For practitioners: invest in logging, monitoring, evaluation frameworks NOW. That infrastructure will matter more than waiting for the next model release.
Key Takeaways
- AI accelerates specific tasks but doesn’t replace judgment. Coding agents (Claude Code, Cursor) are the exception where true agentic behavior works due to immediate feedback loops.
- Three things actually deliver ROI: Document processing at 80% accuracy beats 100% manual work. Properly implemented RAG with specialized knowledge bases provides accountability. Workflow automation with AI components solves real pain points.
- Start with pain, not technology. Find one high-volume, frustrating process. Pilot with a motivated team. Use existing tools (Claude 3.5 Sonnet, o1, DeepSeek V3). Ship in 3–6 months.
- Optimize the system before upgrading the model. Hierarchy: better prompts → improved retrieval → reasoning structures → bigger models. Most problems don’t need Opus when Haiku with good architecture works.
- RAG is the default for enterprise. Fine-tuning makes sense for style consistency. RAG wins for accountability, frequent updates, and audit trails that government and enterprise require.
- Workflows beat agents in production. True agents (with dynamic planning and tool selection) work for coding. Everything else? Use deterministic workflows with LLMs at specific steps. 90% of “AI agents” should be workflows.
- Hallucinations are features of the technology, not bugs. Manage them with RAG grounding, confidence scores, structured outputs, and human review. Never deploy LLMs without document retrieval for high-stakes decisions.
- Test failure modes before launch. Feed ambiguous inputs, contradictory information, and edge cases. Success comes from error handling, not model quality.
- Hidden costs surprise teams: API costs scaling 100x, human review overhead that doesn’t disappear, and integration work comprising 80% of the effort. Most AI projects fail — budget for it.
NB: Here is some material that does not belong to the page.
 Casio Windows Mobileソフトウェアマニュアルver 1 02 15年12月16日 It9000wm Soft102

- Evaluation infrastructure is the next breakthrough. We have powerful models but primitive measurement capabilities. Invest in monitoring, logging, and systematic evaluation now.
Final Thoughts of Tao
The AI hype cycle is exhausting. Every week there’s a new “breakthrough” that will “change everything.” Most of it is noise.
What actually works? Boring, practical applications. Document processing. Information extraction. Workflow automation. Systems that do one thing well.
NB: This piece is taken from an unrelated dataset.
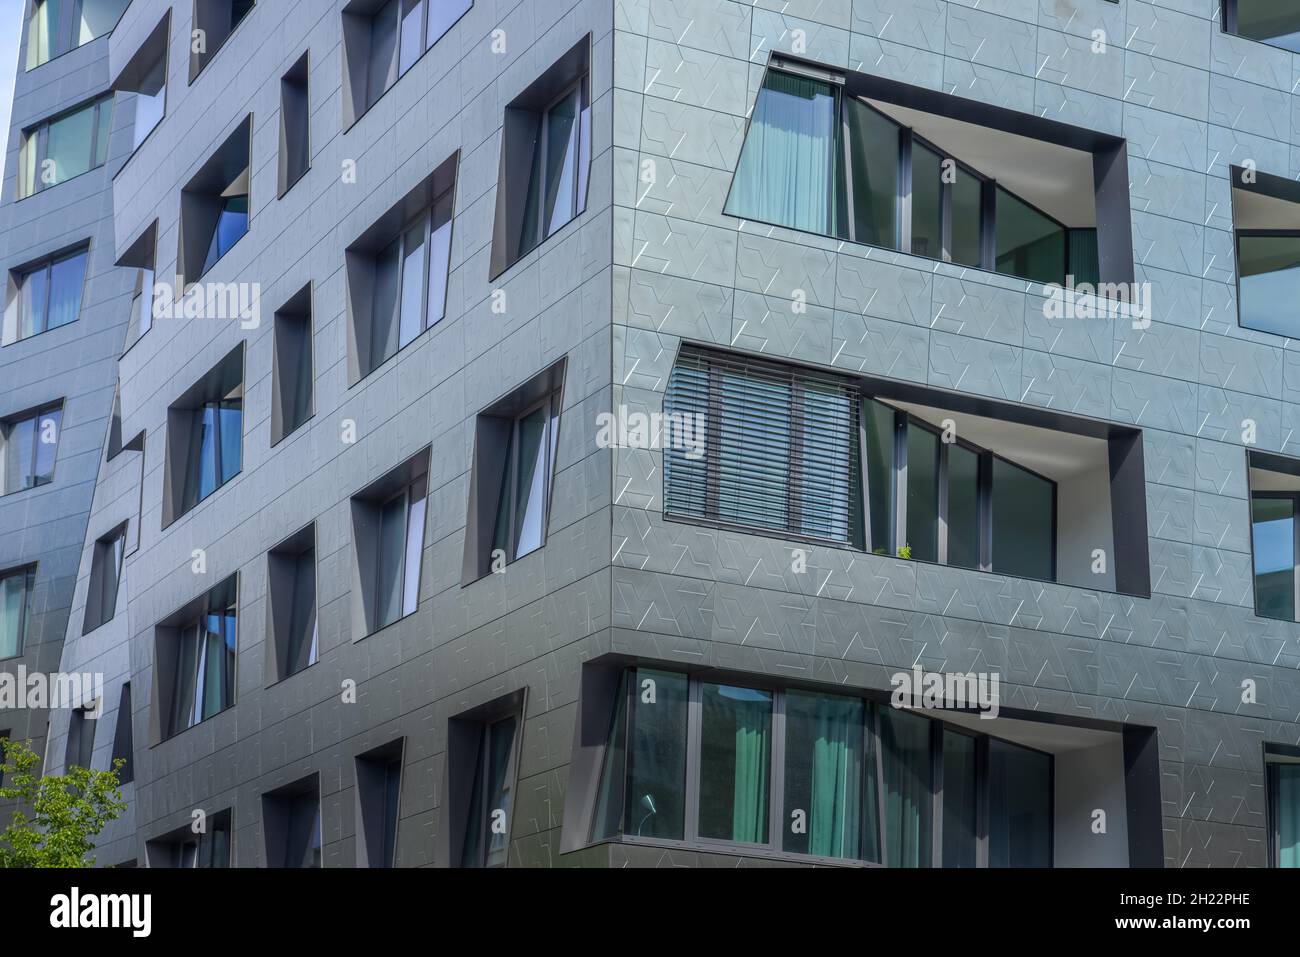 Nouveau bâtiment Daniel Libeskind, Chausseestrasse, Schwartzkopffstrasse, Mitte, Berlin,Allemagne Banque D'Images

The companies succeeding with AI solve real problems, measure results, and build sustainable systems. They have the best monitoring and error handling, even if their models are nothing special.
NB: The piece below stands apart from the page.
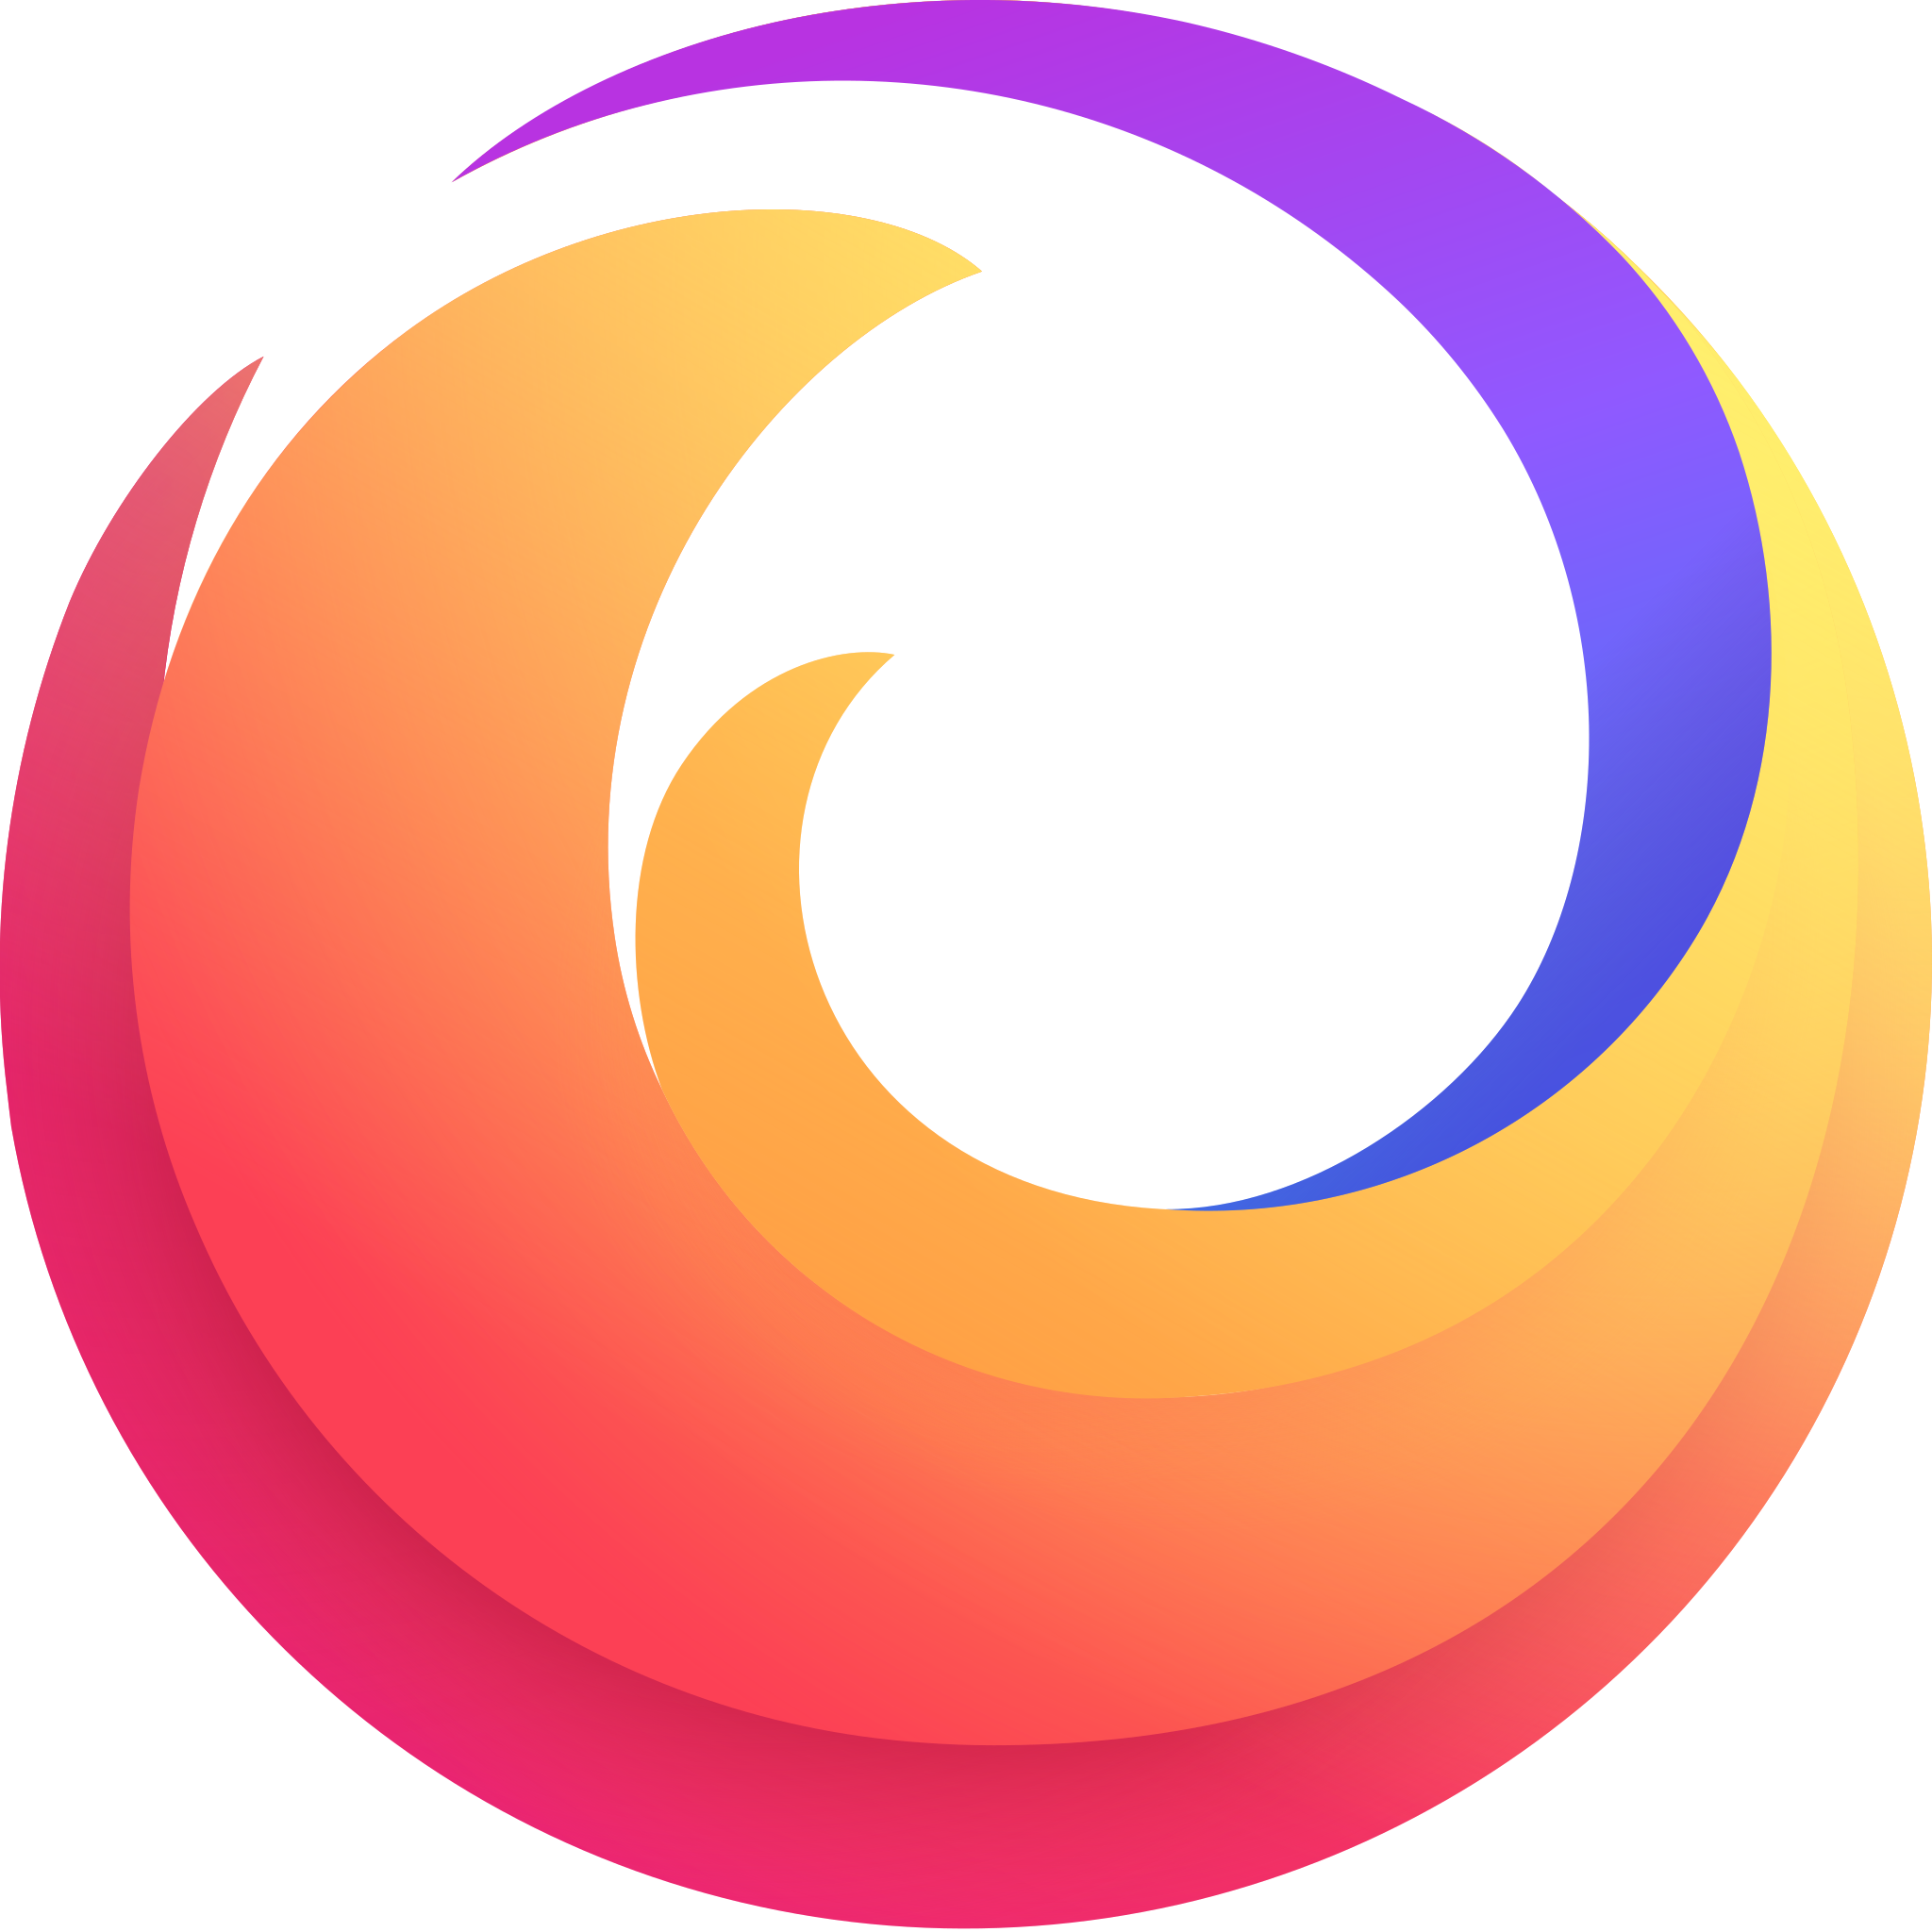 File:Firefox brand logo, 2019.svg - Wikimedia Commons

Start small. Solve real problems. Measure everything. Scale what works.
That’s the truth about AI right now.
It was a great one-to-one session with Tao
What I appreciated most about Tao’s answers is how consistently they point back to reality: in 2026, winning with AI is rarely about chasing the biggest model. It’s about making smart architecture choices, investing in evaluation, and building reliable systems that can operate under real-world constraints — cost, latency, data quality, and user expectations.
This interview also reinforced something I see often in delivery work: teams don’t fail because AI “doesn’t work.” They struggle because the problem isn’t clearly defined, success metrics aren’t measurable, or the system around the model isn’t designed for production. Whether it’s deciding between RAG and fine-tuning, knowing when agents truly help, or setting the right expectations around hallucinations — disciplined thinking beats excitement every time.
I’m grateful to Tao An for sharing such candid insights and for taking the time to answer in depth. I hope this interview helps product leaders, founders, and engineering teams cut through the noise and make decisions that lead to real outcomes.